The Festival of the snake charmers

Not to be confused with the founder of the Dominican order by the same name, St. Dominic from Foligno was a saint of Umbrian origin, born in 951 at Capodacqua near Foligno.
His cult is still being celebrated today at Cocullo, in Abruzzo, during the “Festival of the snake charmers”, a folkloric and religious event of great anthropologic interest.

Cocullo and few other places in Lazio and Abruzzo are exceptions, in that the figure of St. Dominic is not greatly known throughout the rest of Italy. Even in Umbria, where the saint was born in the tenth century, Dominic is almost completely unknown .

It was January 22, 1031 when the saint died at Sora. At Capodacqua (small village near Foligno) do they still celebrate the anniversary of his death by honoring a relic of the patron saint, and by singing an ancient psalm in Latin.
Venerated as the protector against bites from serpents and rabid dogs, Dominic was originally a Benedictine monk, educated at a monastery in Foligno, maybe in the Abbey of Sassovivo.


However he preferred the hermitic lifestyle to the cenobitic one, and thus he decided to leave Foligno in the direction of the wild mountains of Lazio, Molise and Abruzzo, where he founded various monasteries and performed many miracles.

As already mentioned, the great interest in his figure is linked to the traditional religious festival that take place at Cocullo, every first Thursday of May.
The absolute protagonists of the festival are the snakes, captured by the snake charmers of the village in the last days of April, offered to the saint with great devotion during the procession, and finally taken back to their holes in the forest at the conclusion of the festival.

The ritual is truly impressive and reaches its culmination in the moment when all the snake charmers place the captured reptiles on the statue of the saint, giving them the form of an enormous crown of snakes, that tangles around the head of the statue, and then slowly descends around its neck and arms.
Many devotees ask for a favor, a healing, or simply for the protection from viper bites.There are even those who invoke the saint in preventing toothaches.

In the Old Testament (Book of Genesis) the snake is a central figure in the Garden story, that represents the loss of immortality and wisdom: the serpent tempts Eve to seize wisdom, through disobeying God.
In many ancient cultures the serpent was considered a symbol of evil power and chaos from the underworld, as well as a symbol of fertility, life and healing.

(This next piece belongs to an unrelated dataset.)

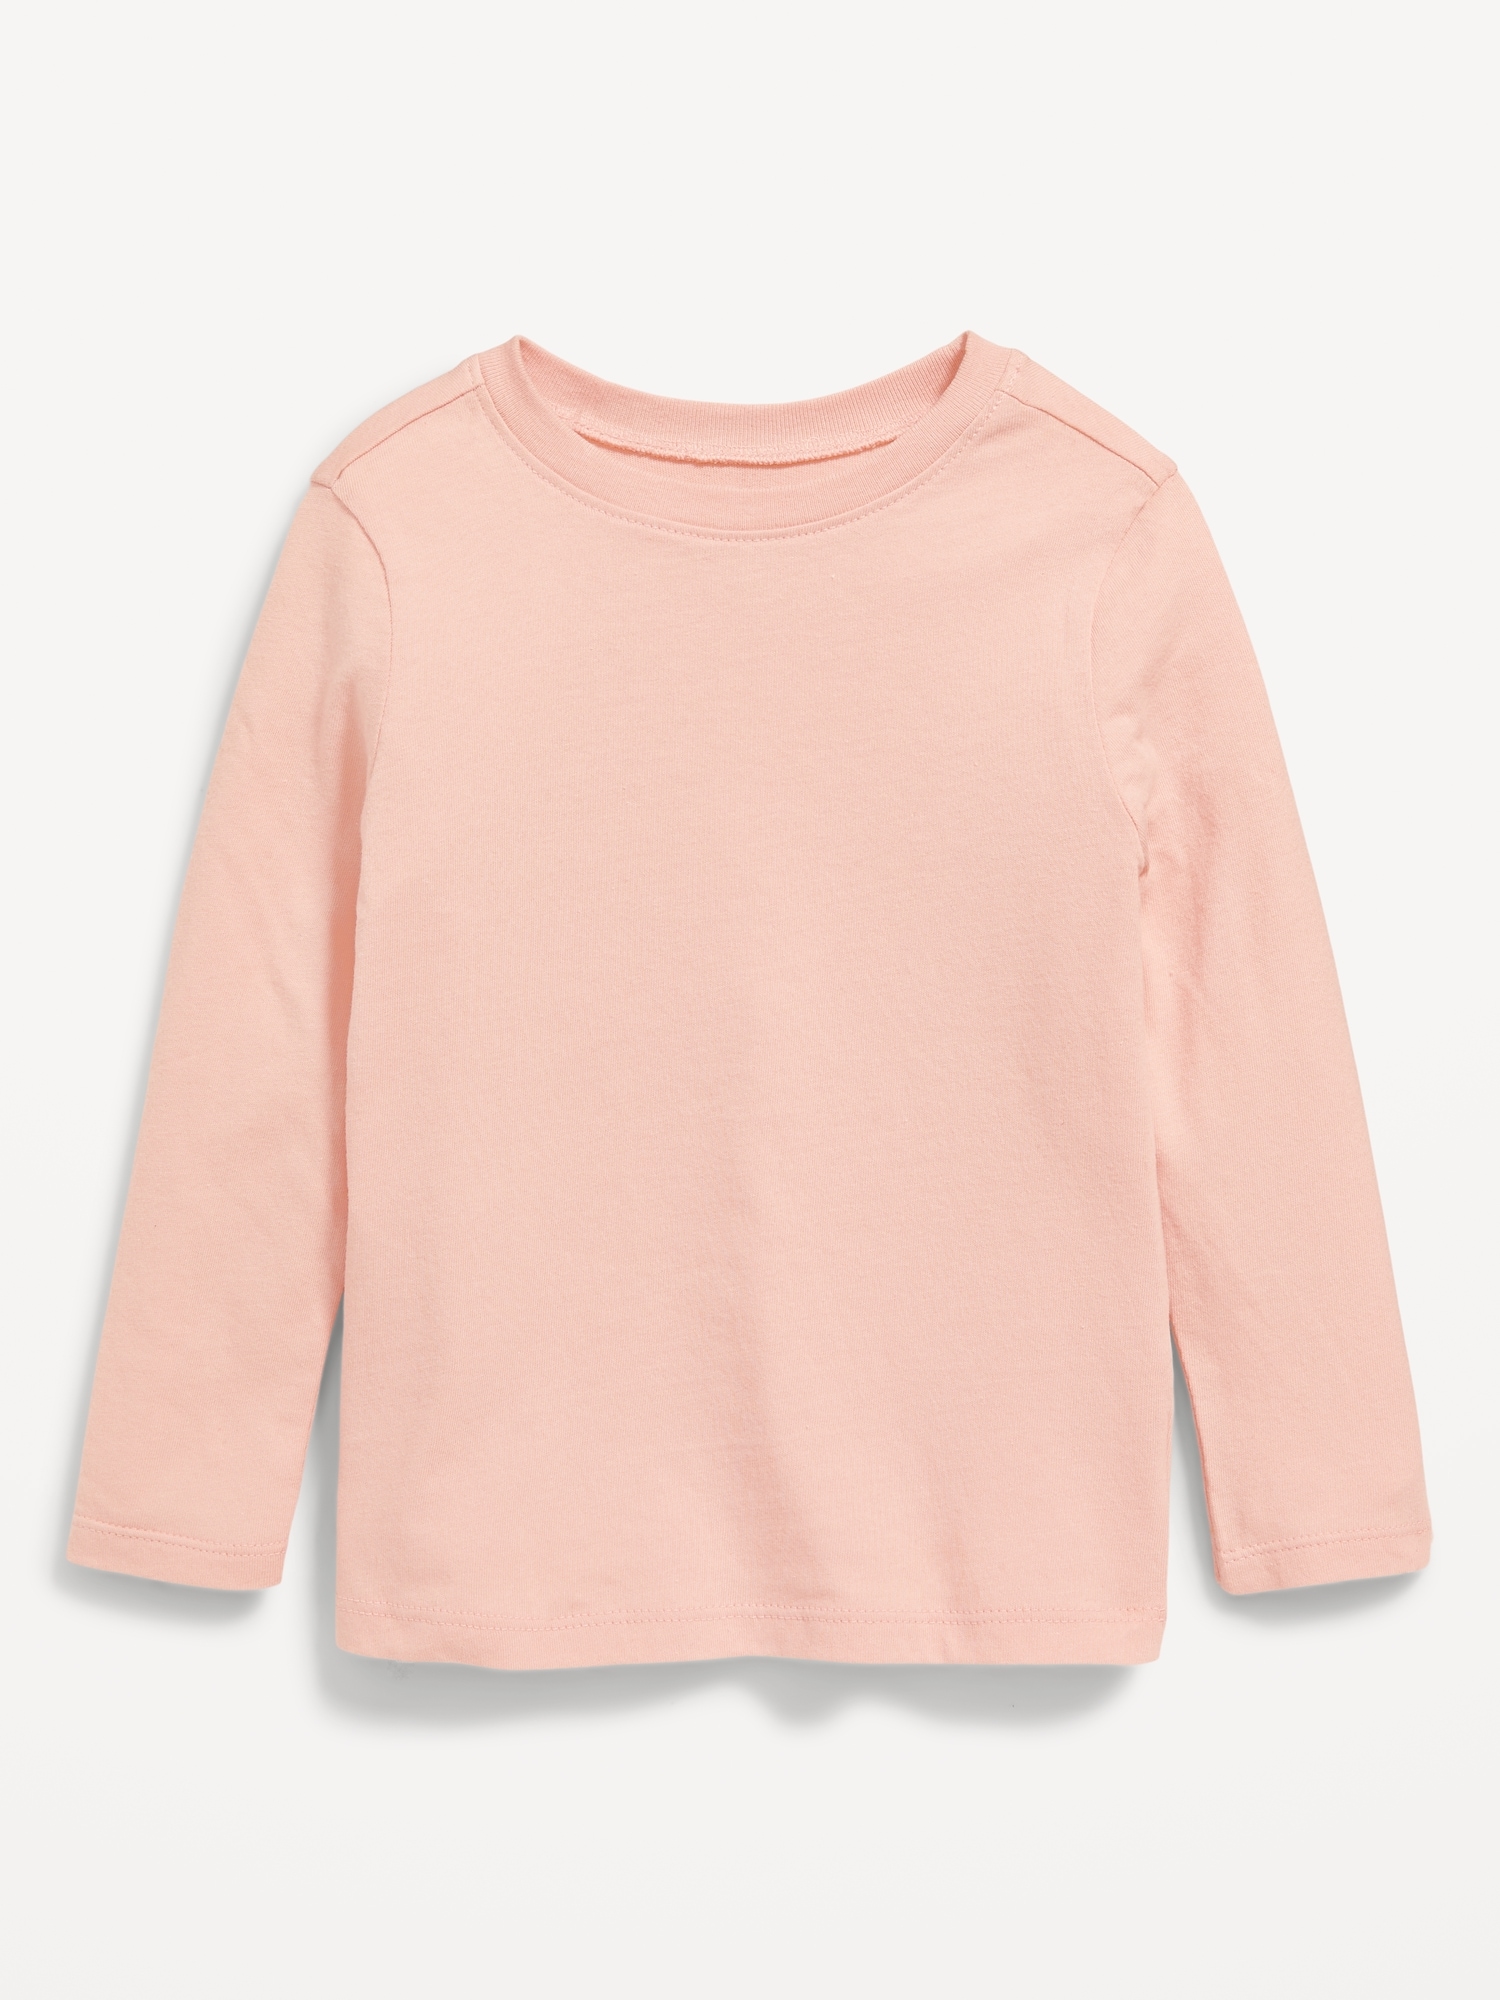 Unisex | for Long-Sleeve Navy Old Toddler T-Shirt

Why at Cocullo the snakes are considered sacred?
We discover that in those wild lands – at a time when they were inhabited by an italic people named Marsi – the ancient mother goddess Angizia was worshipped and the snake was her attribute.
The Marsi dedicated to her the sanctuary uncovered in the old city of Anxa Angizia. Even the existence of a sacred wood named “Lucus Angitiae” reminds to the name of the present town “Luco dei Marsi”.
Angizia was an Italic deity tied to fertility rites. The tradition tells us that it was through her that the Marsi learned the art of phytotherapy and became famous to treat the bites of venomous serpents.
With the advent of Christianity the cult of the ancient goddess of fertility was not immediately abandoned. The christian rite of Cocullo could represent a slow syncretic process coming from the preexisting cult for Angizia. The early christian community of the Marsica region could have replaced the ancient worshipping for the mother goddess with the new cult for the  medieval “Healer Saint,” absorbing the old pagan rituals and performing them in the new medieval folkloric and religious tradition: the Festival of the Snake charmers.